Ainda outros métodos são detalhados em um memorial de Llerena, a sede de um dos tribunais mais
antigos com jurisdição sobre a Extremadura. Afirmava que durante muitos anos a Inquisição havia
encontrado pouco ou nada a fazer, até que surgiu um novo juiz, o Licenciado Bravo. Ele era um nativo de
Fregenal, uma cidade da província, onde ele tinha amargas leis e inimizades ativas; ele tinha dois meses de
treinamento sob Lucero em Córdova e ele veio armado com ampla evidência reunida lá. À sua chegada,
sem esperar por formalidades ou outros depoimentos, fez um grande número de prisões e enviou a
Badajoz, onde apreendeu mais quarenta e as levou a Llerena. Eles eram principalmente homens de riqueza
cujas fortunas eram atraentes objetos de espoliação, e Bravo cuidou de seus parentes, nomeando-os para
posições nas quais eles poderiam apropriar-se muito da propriedade sequestrada. O tratamento dos
prisioneiros foi mais brutal, e quando seu colega, Inquisidor Villart, que não era totalmente desprovido de
compaixão, foi ouvido protestando com ele e dizendo que a morte dos cativos seria em suas almas, Bravo
disse a ele para segurar sua paz, pois aquele que o colocara ali desejava que todos morressem, um por um.

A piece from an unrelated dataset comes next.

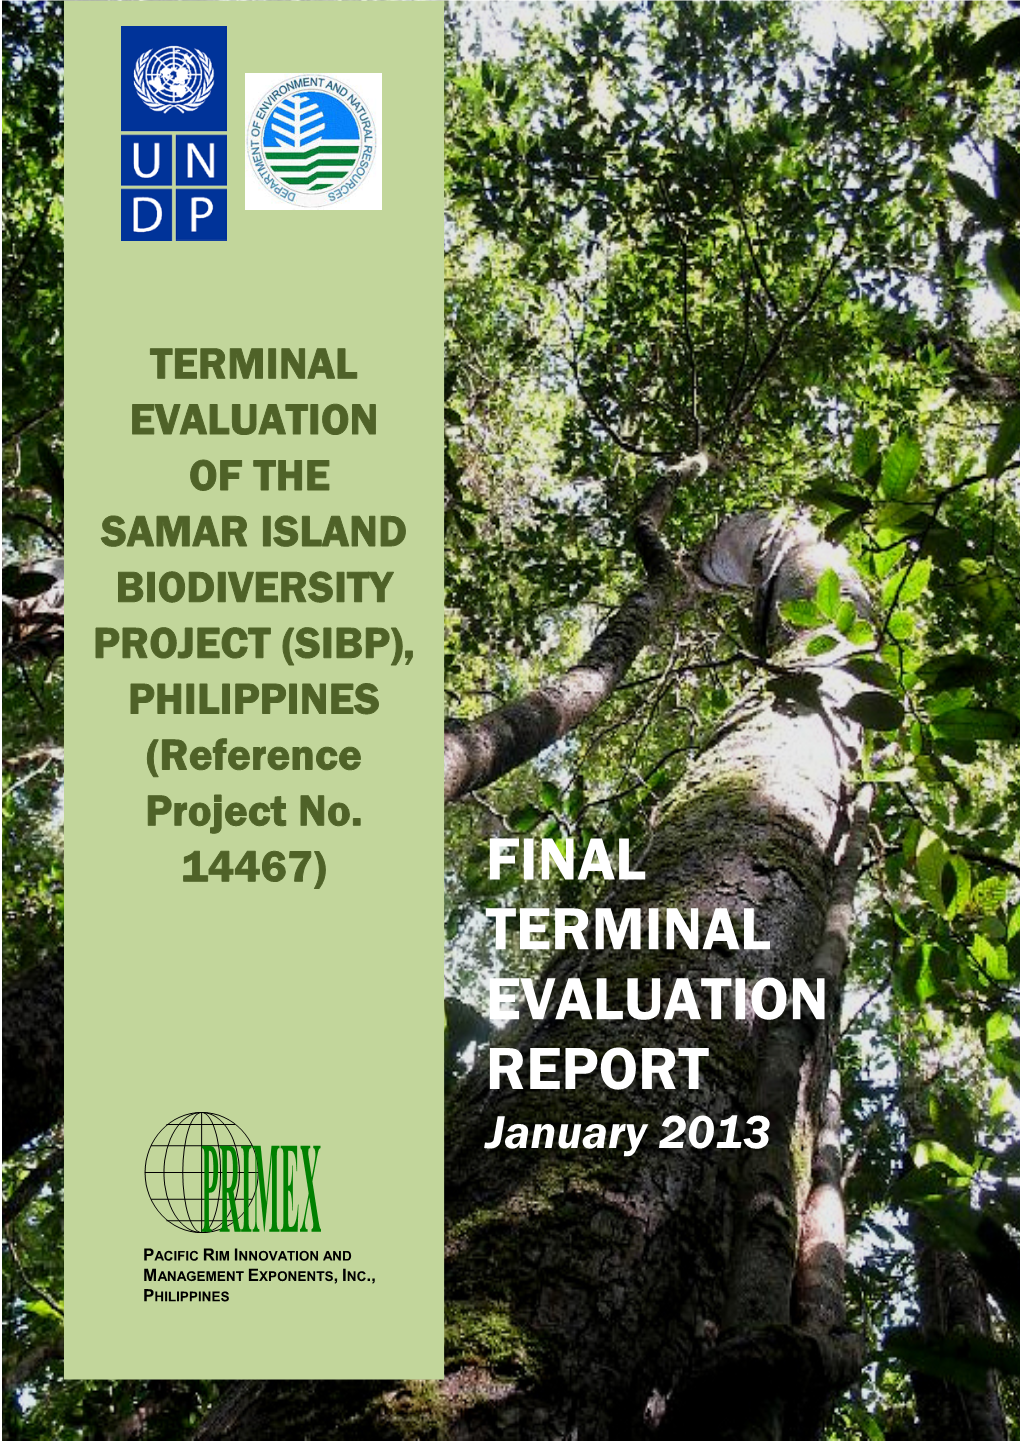 FINAL TERMINAL EVALUATION REPORT January 2013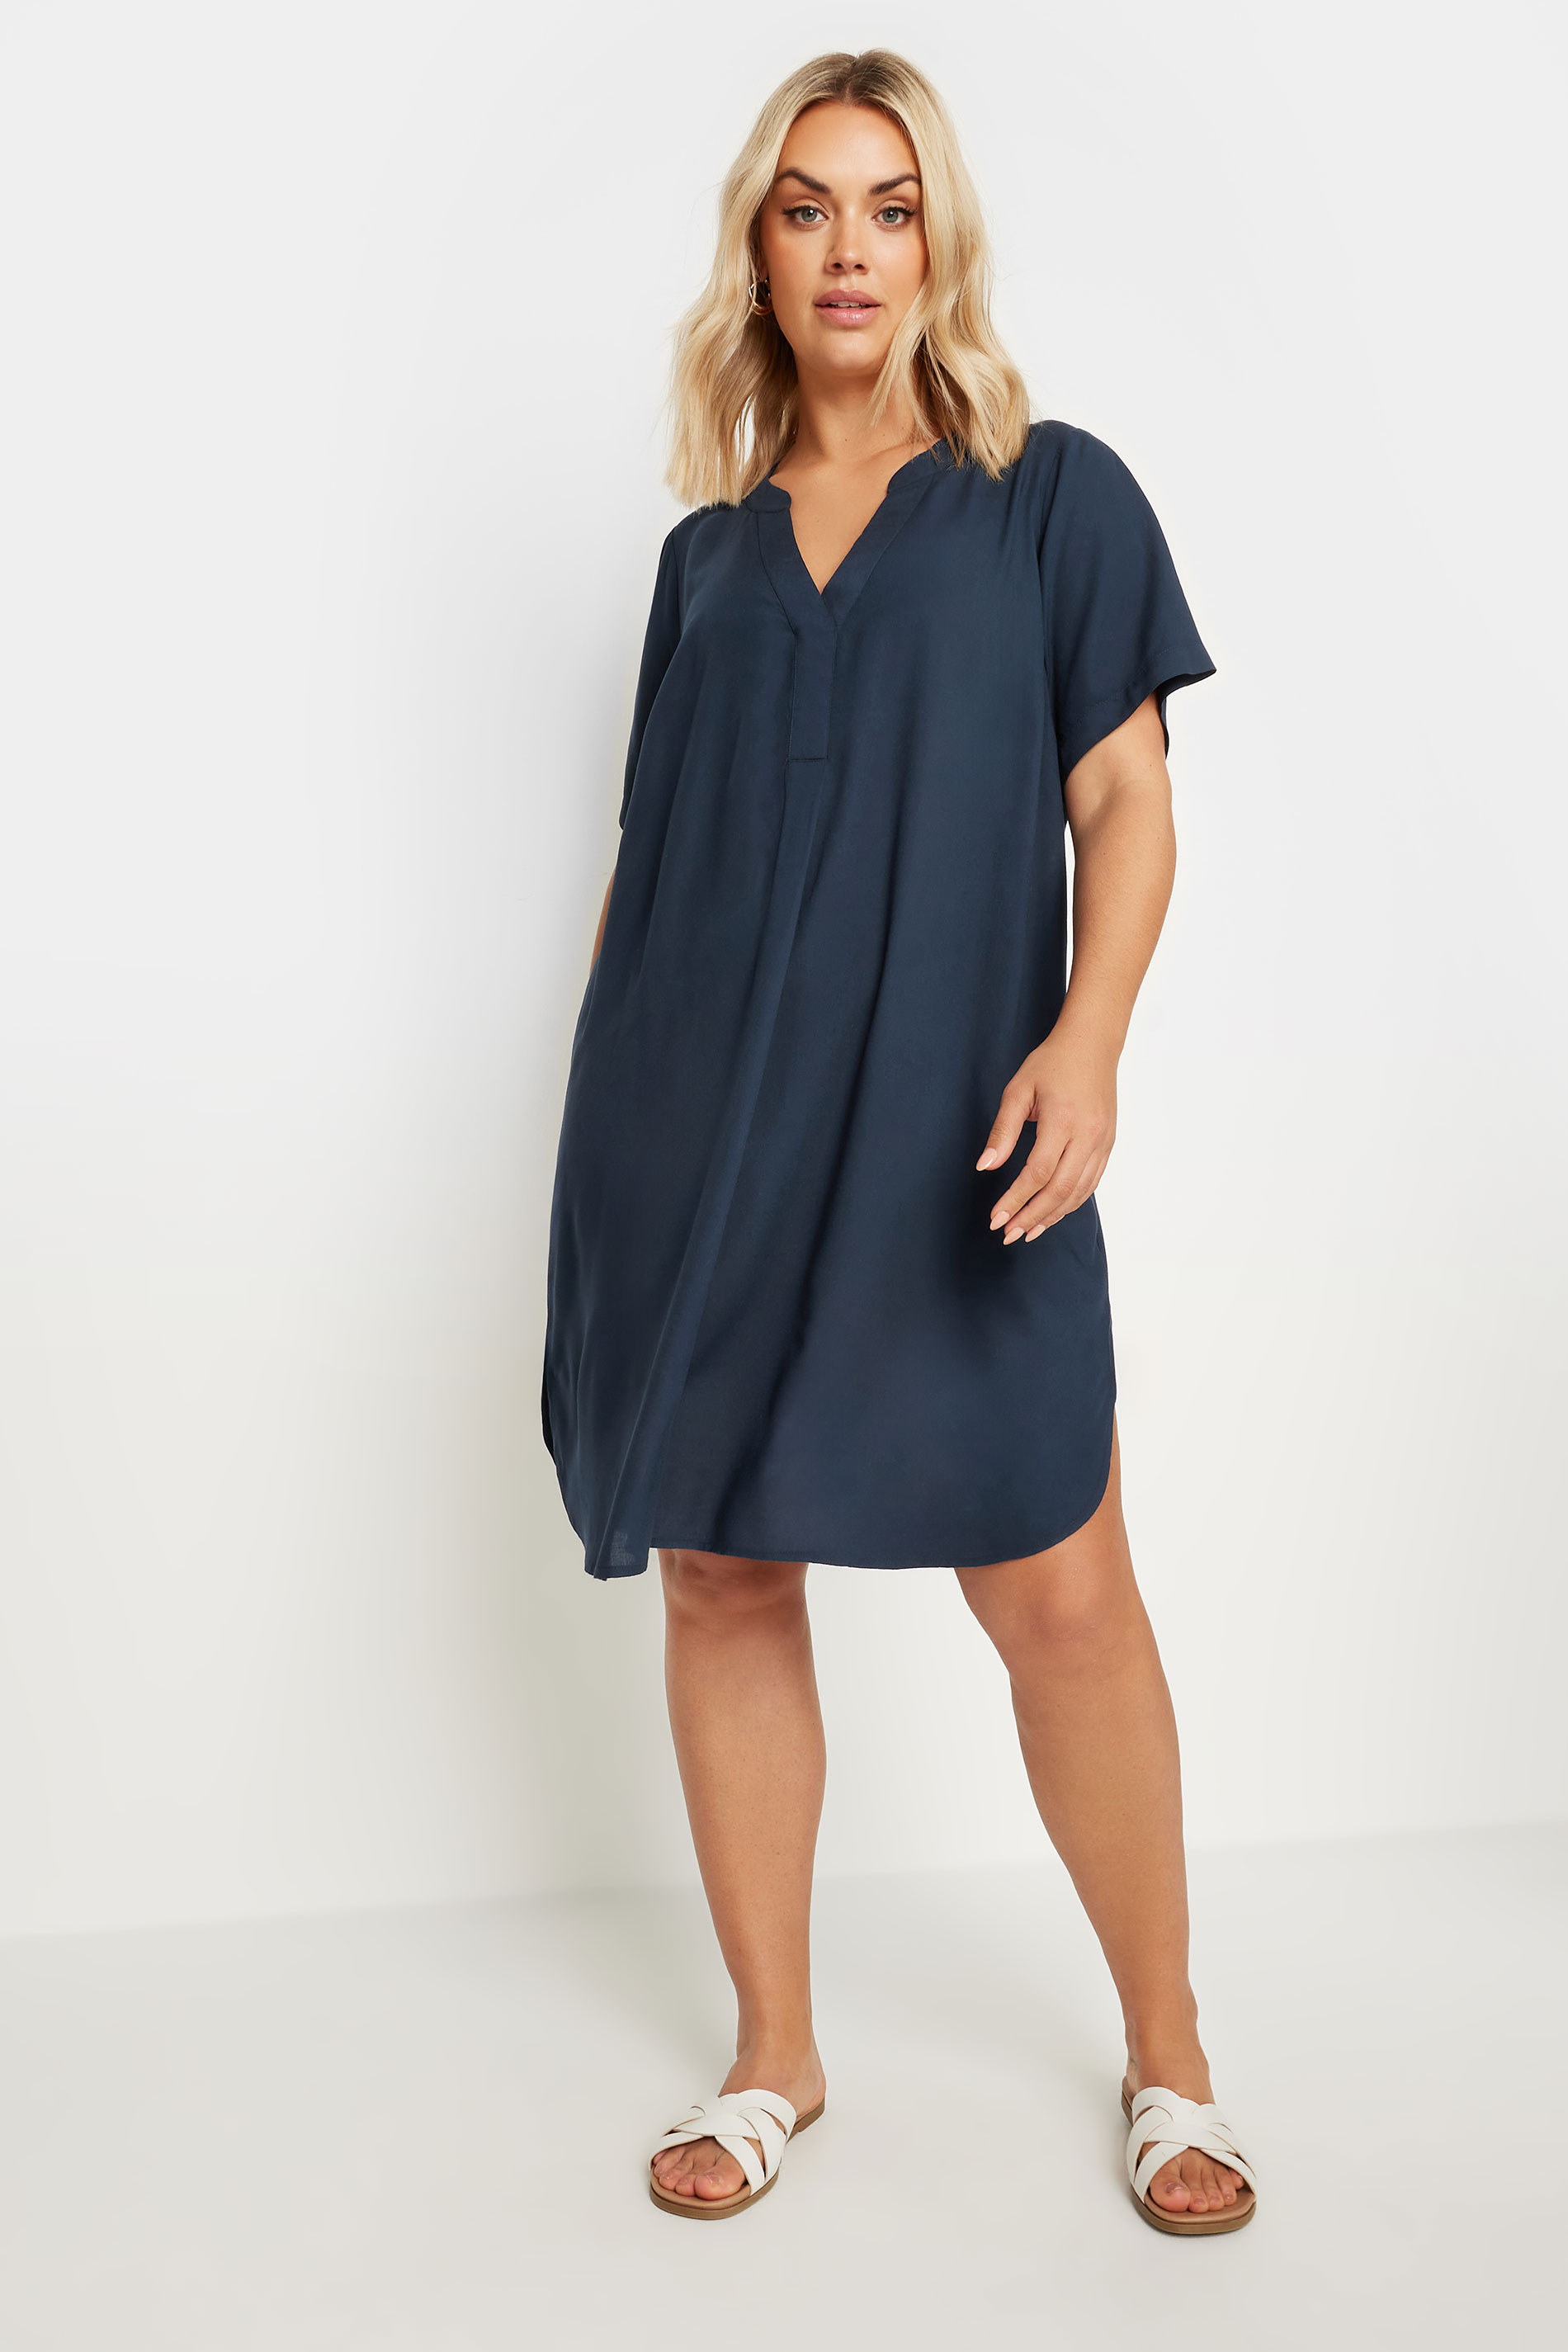 YOURS Plus Size Navy Blue Short Sleeve Tunic Dress | Yours Clothing 2

Os peticionários estavam muito dispostos a serem remetidos ao tribunal de Sevilha ou a ter juízes que
punissem os culpados e libertassem os inocentes, mas sinceramente imploravam, pela Paixão de Cristo,
que não fossem deixados à mercê do Inquisidor. Deza geral. Ordens, eles disseram, tinha sido dado a ele
para mitigar em algum grau os sofrimentos do povo de Jaen, que ele suprimiu e substituiu por instruções
para executar a justiça. O que isso significava que podemos nos reunir de um último apelo desesperado,
pelos amigos dos prisioneiros de Jaén, para a rainha Juana; uma junta de advogados, disseram eles, estava
montada, um andaime de imensas proporções estava em construção; sua única esperança estava nela e
pediram-lhe que ordenasse que nenhum auto de fé fosse mantido até que pessoas imparciais pudessem
[577]
averiguar a verdade quanto aos prisioneiros miseráveis. Juana não estava em condições de responder a
esta oração agonizante, e podemos seguramente assumir que a cobiça e a crueldade reclamaram suas
vítimas. Estes vislumbres no Os métodos dos tribunais elucidam as declarações do Capitão Avora quanto à
desolação espalhada pela terra pela Inquisição.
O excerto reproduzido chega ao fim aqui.